Chemistry: molecular biology and microbiology – Animal cell – per se ; composition thereof; process of...
Reexamination Certificate
2001-05-09
2004-12-07
Crouch, Deborah (Department: 1632)
Chemistry: molecular biology and microbiology
Animal cell, per se ; composition thereof; process of...
C435S326000, C435S007100
Reexamination Certificate
active
06828145
ABSTRACT:
FIELD OF THE INVENTION
Embodiments of the present invention are directed to a method for isolating mammalian stem cells from a population of cells by immunolabeling the population of cells with MHC/HLA gene-product markers. Further embodiments of the present invention are directed to the purification and enrichment of cells so isolated.

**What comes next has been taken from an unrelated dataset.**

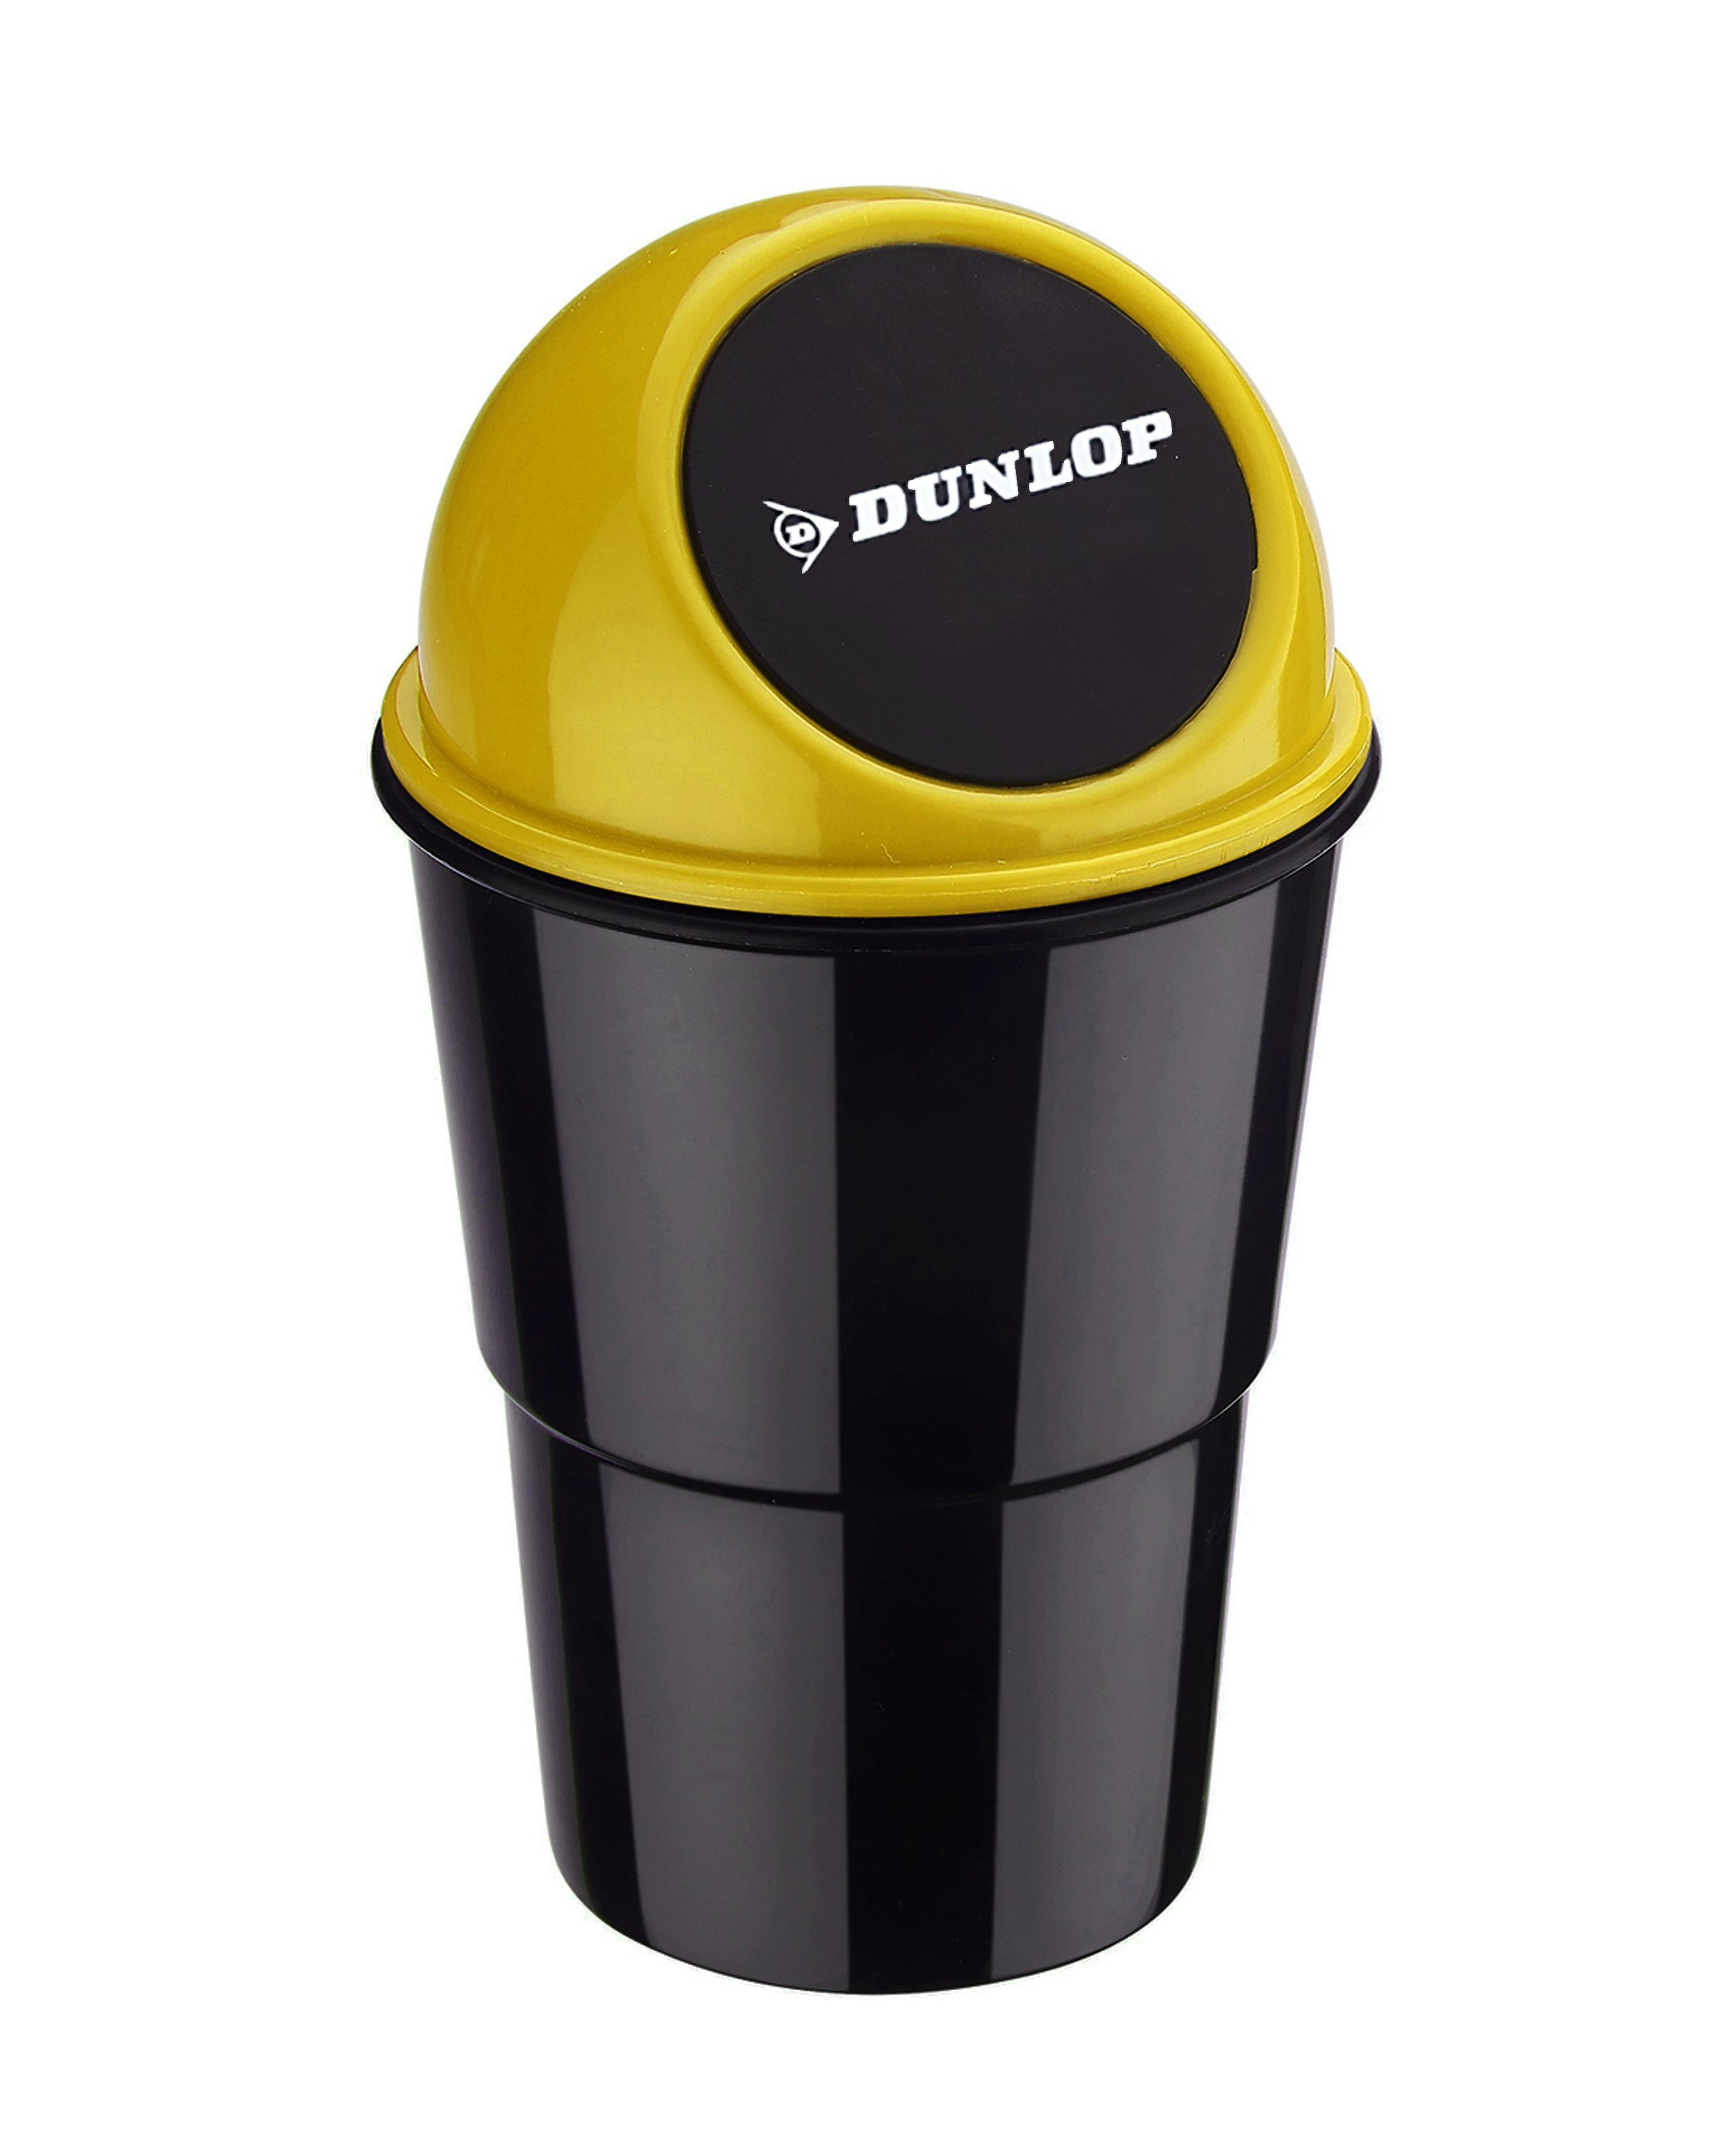 Dunlop Mülleimer Mini MÜLLEIMER für Auto Push-Deckel DUNLOP Automülleimer PKW KFZ Abfalleimer Tischabfalleimer Mülltonne Getränkehalter 74 (Gelb)

BACKGROUND OF THE INVENTION
Nearly every cell in an animal's body, from neural to blood to bone, owes its existence to a stem cell. A stem cell is commonly defined as a cell that (i) is capable of renewing itself; and (ii) can give rise to more than one type of cell (that is, a differentiated cell) through asymmetric cell division. F. M. Watt and B. L. M. Hogan, “Out of Eden: Stem Cells and Their Niches,”
Science,
284, 1427-1430 (2000). Stem cells give rise to a type of stem cell called progenitor cells; progenitor cells, in turn, proliferate into the differentiated cells that populate the body.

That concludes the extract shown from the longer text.